Let’s analyze a bit further what some of these lines do:
driver = webdriver.Chrome()
Here, we initialize our web driver. This will open a new browser window of our choice. In this example, we used Chrome. However, you can also use some other popular browsers.
driver.implicitly_wait(2)
The implicitly_wait method is similar to a timeout. Basically it tells the web driver to wait until the website is loaded and responsive. The argument (In this case 2) defines how long the driver is going to wait before throwing an error. Therefore, the program does not explicitly wait 2 seconds and can proceed earlier as soon the website’s loaded.
view_preferences_button = driver.find_element(By.CLASS_NAME, 'cmplz-view-preferences')
view_preferences_button.click()
In the first line, we try to find an element of class “cmplz-view-preferences”
Remember that we imported By from selenium.webdriver.common.by in the beginning to be able to search elements by different attributes (e. g. by class name)
In the second line, we simply simulate a mouse click on the element if it’s clickable.
Handling Common Web Scraping Challenges
- Changing website structures: To tackle the challenge of constantly shifting HTML structure, consider using scraping methods that target elements based on attributes rather than fixed positions. Also, regularly inspect the sites you are scraping to check for changes that might affect your scraper.
- Anti-Scraping mechanisms: Websites implement CAPTCHAs, IP blocks, and rate limiting to prevent automated scraping. To circumvent these mechanisms, try using different scraping agents with proxy servers and random delays between actions. If you want an all-in-one solution, you can also go for services like the scraping browser from BrightData.
- Website variety: To handle multiple different websites, each with a different structure, make sure to implement robust error handling in your scraper. Additionally, design your scraper in a modular way, separating data extraction logic from the rest of the script. This way, it is easier to adapt the scraper for multiple websites.
#3 Keep Practicing
As with any skill, web scraping becomes more refined with practice. While this guide equips you with fundamental knowledge, continuous practice is essential for mastering the art of web scraping. Here are some tips on how to further enhance your skills and become a professional web scraper:
- Explore diverse websites: To challenge yourself, try scraping a variety of different websites. Because each website presents unique structures and challenges, you will learn many different techniques to deal with certain problems.

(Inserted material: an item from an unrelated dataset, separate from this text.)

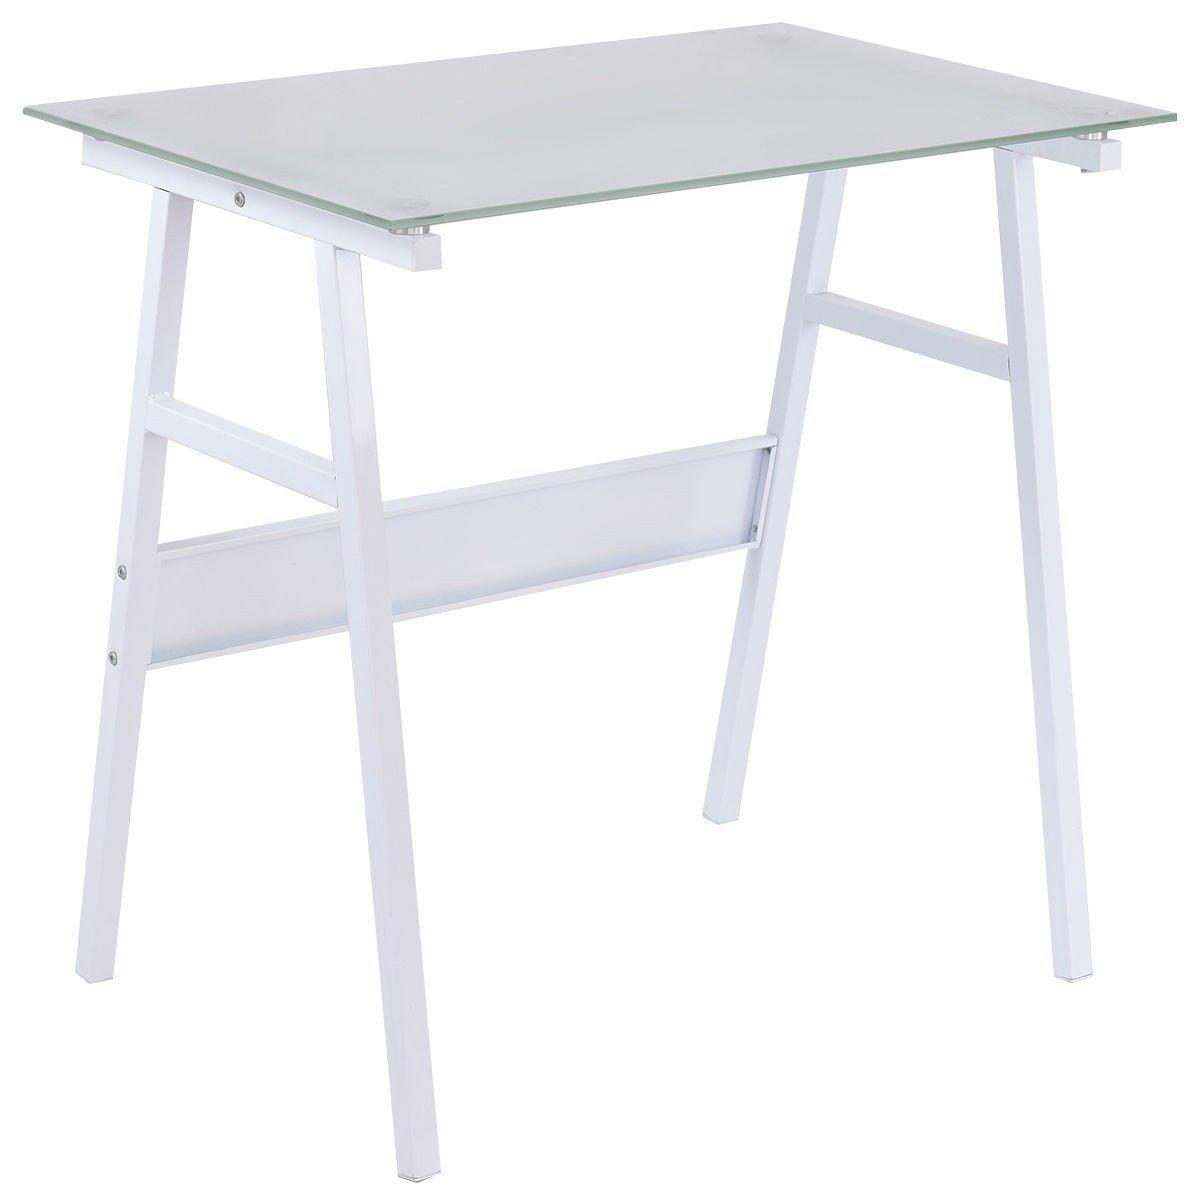 Black Glass Top Metal Leg Study Computer Desk - White

- Experiment with libraries: Requests, BeautifulSoup, and Selenium offer a ton of features. Try exploring them by reading other guides and documentations. Also, play around with other libraries.
- Troubleshoot and debug: As you practice, you’ll encounter errors and unexpected behavoir. Embrace these moments as opportunities to learn! Debugging and problem solving are skills any programmer needs.

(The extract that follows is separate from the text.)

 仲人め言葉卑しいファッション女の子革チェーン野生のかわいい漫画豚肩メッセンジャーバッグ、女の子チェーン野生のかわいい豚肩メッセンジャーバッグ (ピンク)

- Contribute in communites: Engage with other web scrapers by sharing your experiences and learning from others. For example, set up a GitHub profile where you share some of your work.
Conclusion
Data is the most valuable currency in our modern and digital world.
With web scraping, you have the ability to extract a ton of data from the internet and either use it for your own projects or provide it to other people and businesses in one single and structured place.
In this guide, you have learned the fundamentals of web scraping to start your journey as a web scraper.
As you proceed with this journey, keep practicing, experimenting, and refining your skills. With every website scraped, you’ll enhance your skillset and develop an intuition for effective data retrieval.
Thanks for reading and happy coding!